A year or so ago while reading the book “Programming in Lua” I reached the chapter where it is described an implementation of a random text generation algorithm using Markov chains and n-grams. I implemented a similar algorithm 10 years ago. My first encounter with this algorithm was when I was a teenager — I read a description of it in Martin Gardner‘s column in the Russian translation of “Scientific American”. I productized the implementation into a package (NGramMarkovChains.m) that is now available at the MathematicaForPrediction project at GitHub.

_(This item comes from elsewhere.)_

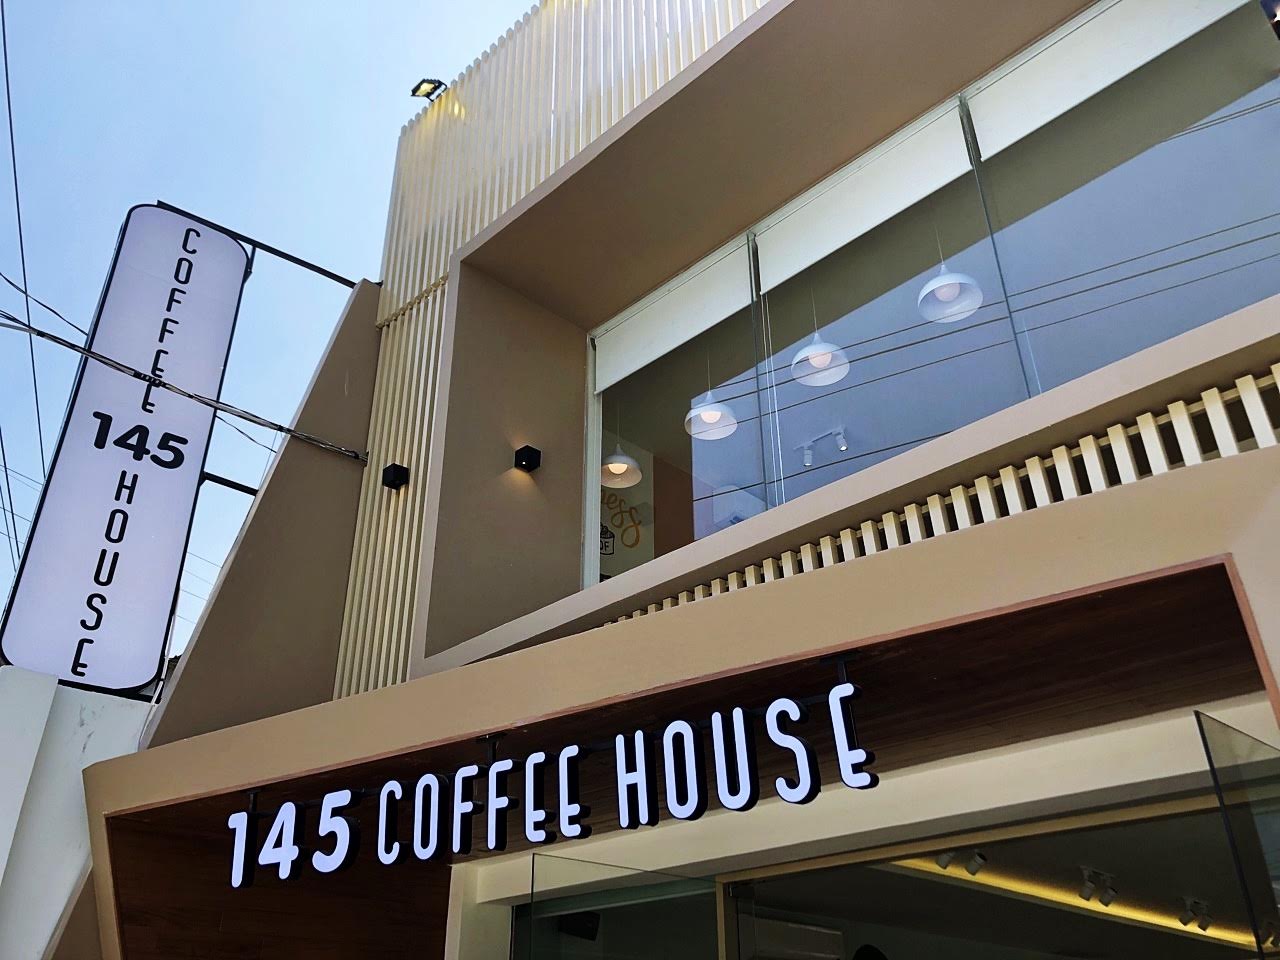 noi-that-quan-cafe-145-coffee-house-binh-duong-3

Implementing this algorithm in *Mathematica* turned out to be surprisingly easy using multi-dimensional sparse arrays (SparseArray) and weighted random sampling (RandomSample). The code I wrote can be run with N-grams of any N; the implementation in the book “Programming in Lua” 2nd ed. is for 2-grams — see Chapter 10.2 of the book.

Below are given snippets of texts generated by the algorithm using Darwin’s “The Origin of Species.” (Readily available within *Mathematica*.) From them we can see that the 5-gram generated text makes more sense than the 2-gram one. All 4 randomly generated texts start from the same place in the book.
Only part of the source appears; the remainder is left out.